= Richard Mackney =

British journalist and broadcaster

Richard Mackney is an English journalist and broadcaster, probably best known as a reporter on ITV breakfast show, GMTV.

==Background==
Mackney was born in April 1971 in Emsworth, Hampshire. He was educated at De La Salle College in Jersey, St Boniface's College in Plymouth, and studied law at the University of Birmingham.

==Career==
Richard Mackney began his broadcasting career in 1996 in Bristol as a video-journalist and presenter at 24-hour cable news station, Channel One Television, which was owned by Associated Newspapers. A year later he joined BBC South in Southampton as a reporter and presenter.

In 1998 he became a correspondent for ITV breakfast show, GMTV, specialising in the ‘lighter’ news stories of the day. He went freelance in 2000 and continued to make occasional appearances on GMTV as well as presenting Gagging For It, a comedy ‘gong’ show on ITV2, and a weekly movies show on Sky Movies.

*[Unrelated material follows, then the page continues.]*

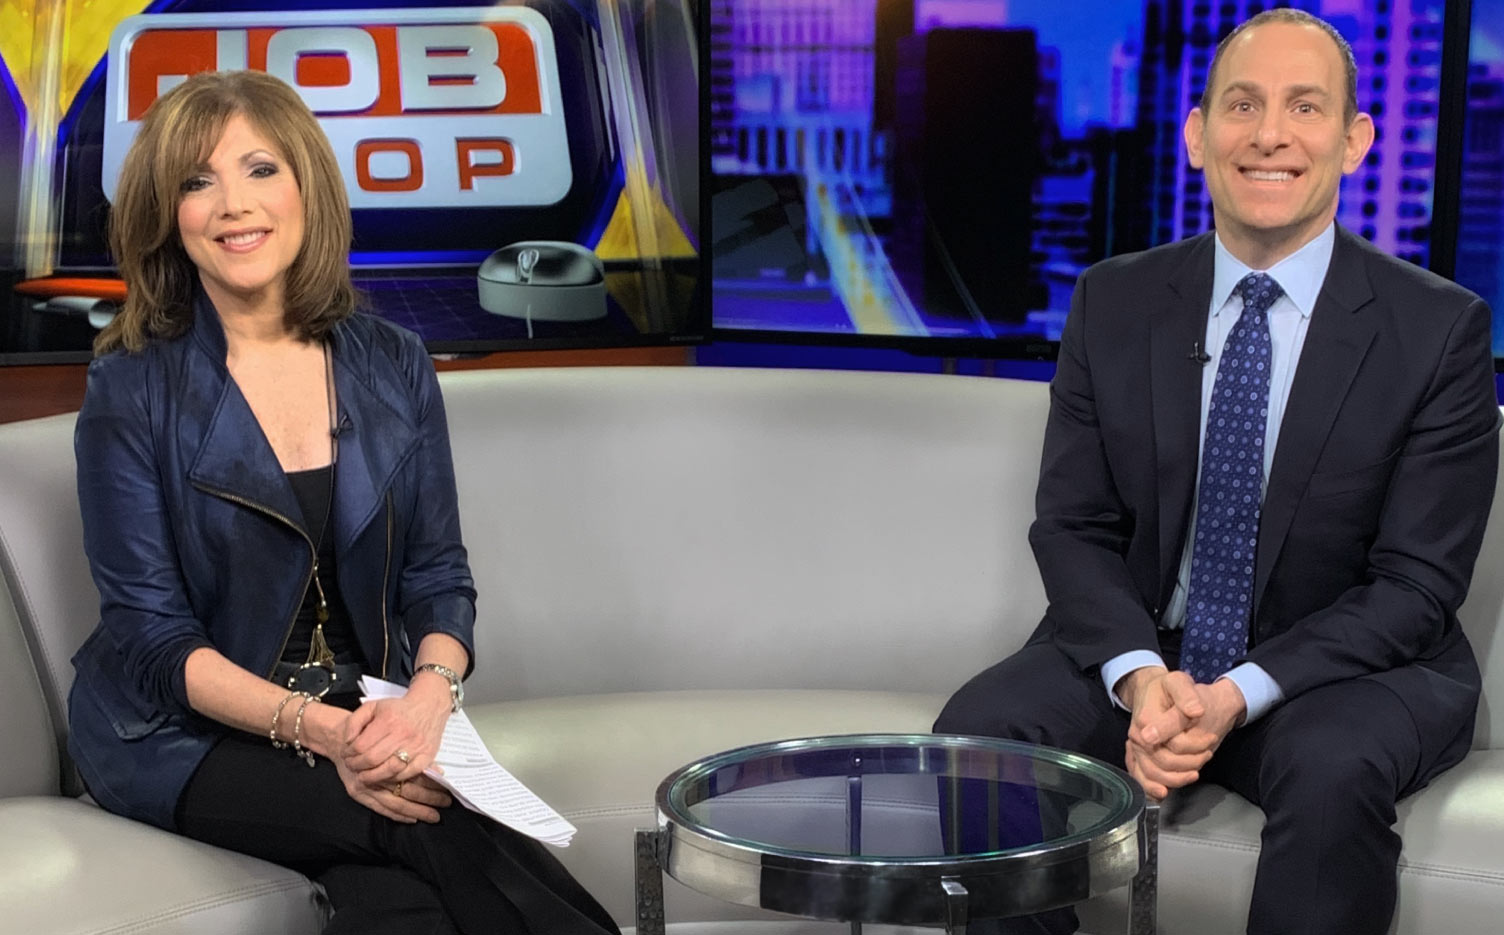 Jon Talks with Fox 2 News Anchor Sherry Margolis: Advice on Finding a New Career After a Layoff

Along with Claudia Winkleman and Keith Duffy, Mackney was a reporter on ITV1’s short-lived celebrity news show, Celebrity!, hosted by Andi Peters and Penny Smith, and in 2003 became the roving reporter on BBC Three’s live, weekly celebrity stock exchange show, Celebdaq, presented by Paddy O'Connell.

In 2004 he became an entertainment reporter for E! Entertainment, covering UK movie premieres and, in 2005, was a regular stand-in presenter on London’s LBC 97.3, filling in for Paul Ross and Iain Lee, among others.

He helped launch edfest.tv, an online TV channel covering the Edinburgh Festival, and, in 2008, co-presented a weekly, Saturday morning breakfast show on LBC.

In 2010 he appeared on Family Fortunes on ITV1 as part of Penny Smith’s team and, in 2011, provided the voice-over for Saturday morning BBC show, Dick and Dom's Funny Business.

Mackney now mainly works as a freelance writer and producer.

He is the co-author of Get A Life: His & Hers Survival Guide To IVF', published by Orion Publishing Group in 2015.